A retrospective case control study evaluated risk factors for co-infection with methicillin resistant Staphylococcus aureus (MRSA) and vancomycin-resistant enterococci (VRE). Over an 8-year period, 111 patients with MRSA and VRE were identified as cases and 1077 patients with MRSA alone were controls. The variables collected were age, gender, previous antibiotic administration, bacterium strain type and underlying comorbidities. Independent risk factors of co-infection were exposure to vancomycin (OR=3.70), quinolones (OR=3.09) and cephalosporins (OR=2.03) up to 3 months before bacterial isolation, neurologic disease (OR=2.22), gastrointestinal disease (OR=1.95), respiratory disease (OR=2.00) renal disease (OR=1.67), diabetes (OR=1.83) and dialysis (OR=1.92). The results of the study will have important implications for control interventions.

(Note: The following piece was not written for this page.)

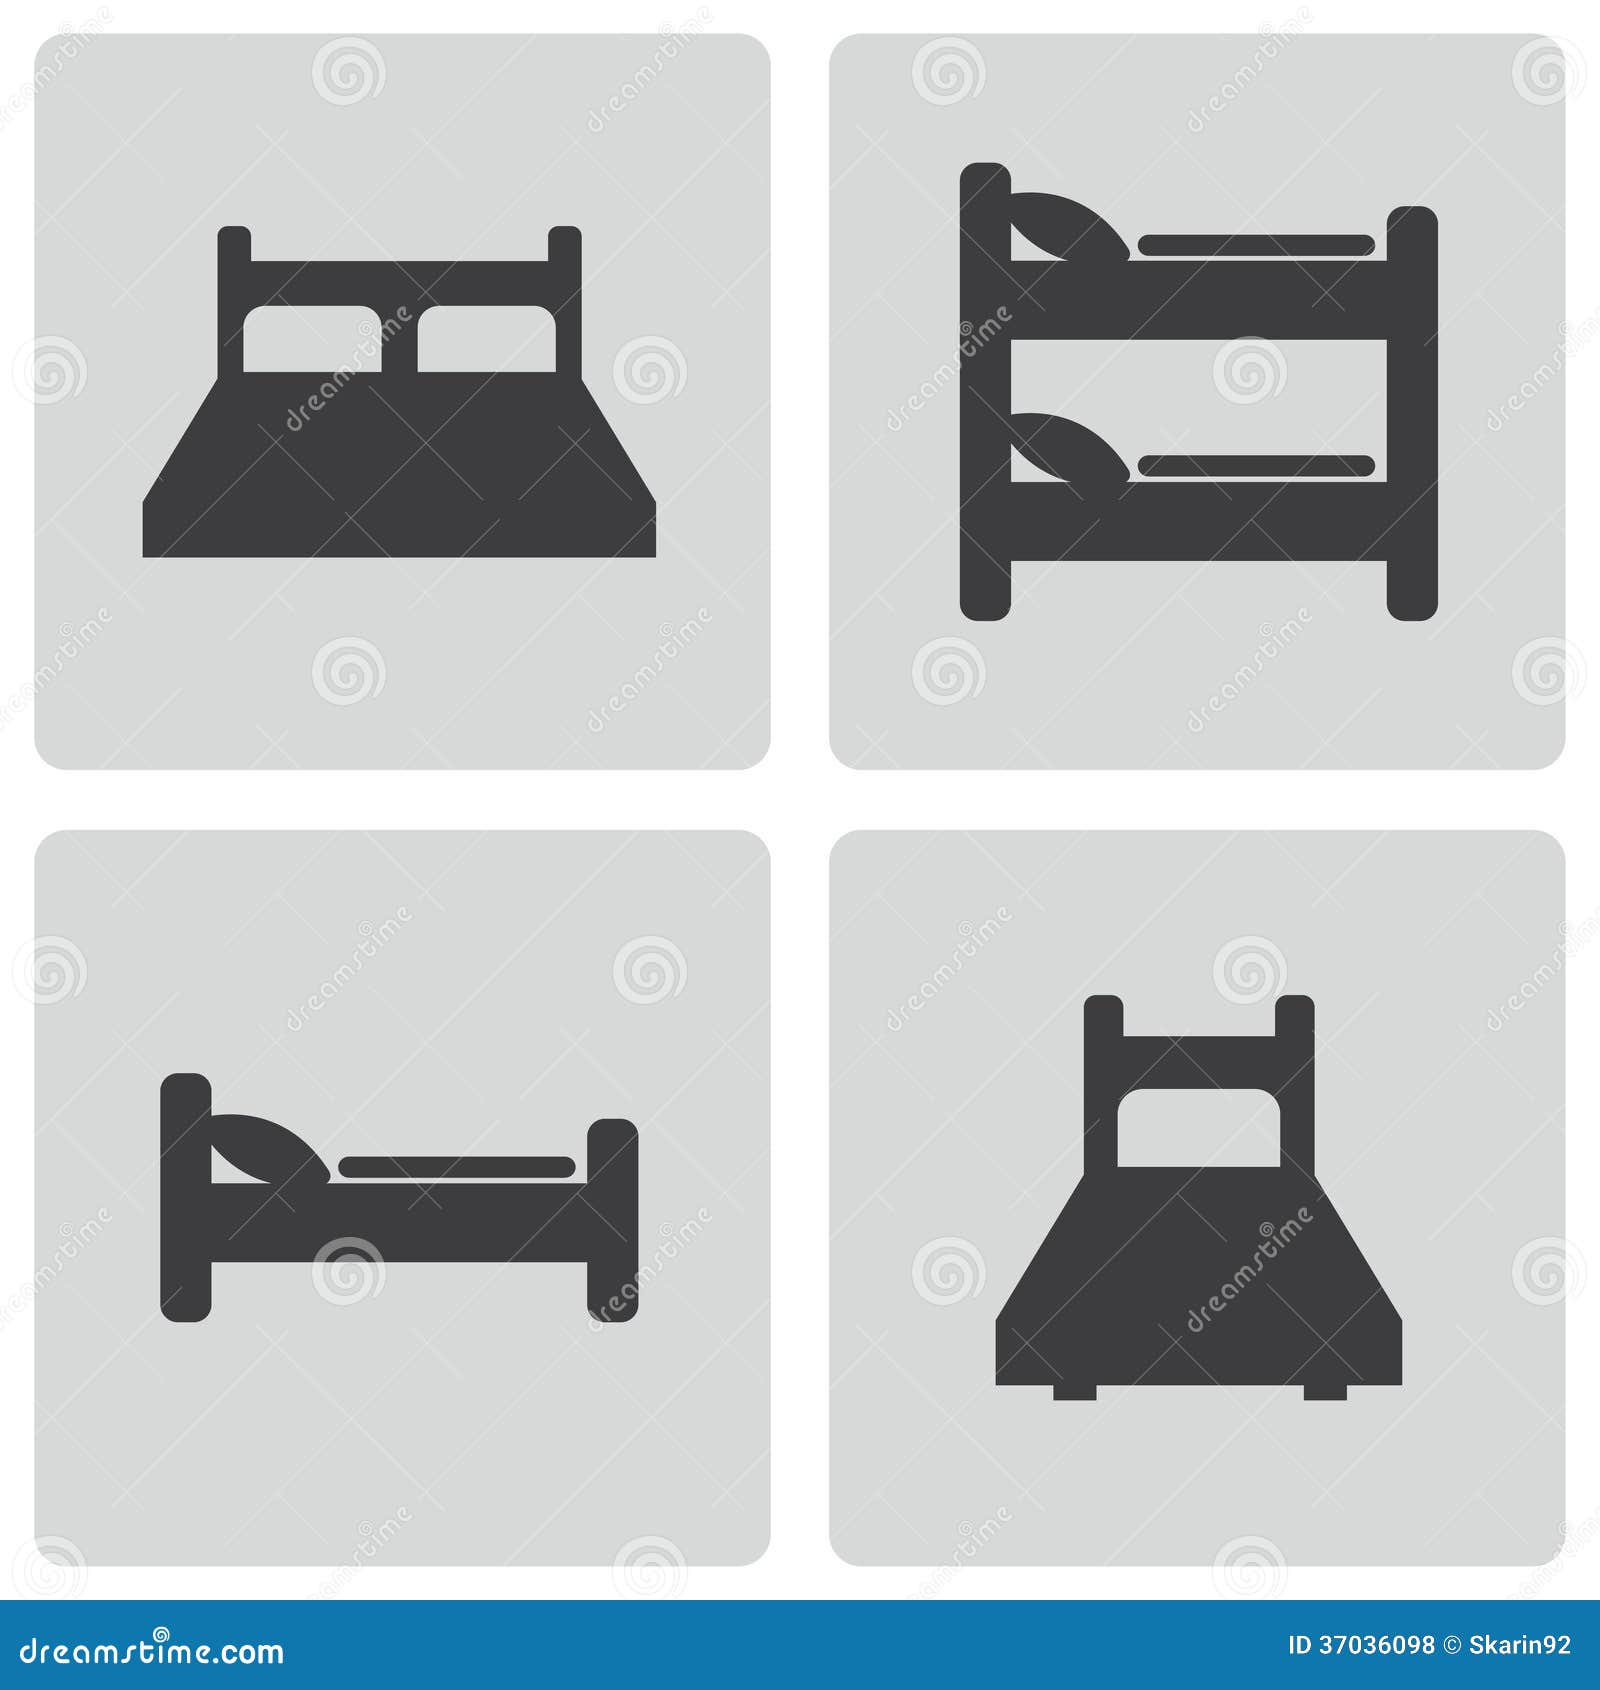 Vector Black Bed Icons Set Royalty Free Stock Photos - Image: 37036098

Staphylococcus aureus; Methicillin-resistant; Vancomycin-resistant
Antibiotic resistance is a growing public health concern among researchers and health care professionals worldwide. The ability of a pathogen to effectively resist antibiotics displays the complexity of these organisms as well as the difficulties they present when treating patients. Nosocomial MRSA infections have spread beyond hospitals, infecting patients in health care settings such as nursing homes and rehabilitation facilities. Both MRSA and VRE have been identified as the most common antimicrobial-resistant pathogens associated with health care-associated infections [1]. Community acquired MRSA is also becoming more common, infecting previously healthy individuals who have not had contact with healthcare facilities [2].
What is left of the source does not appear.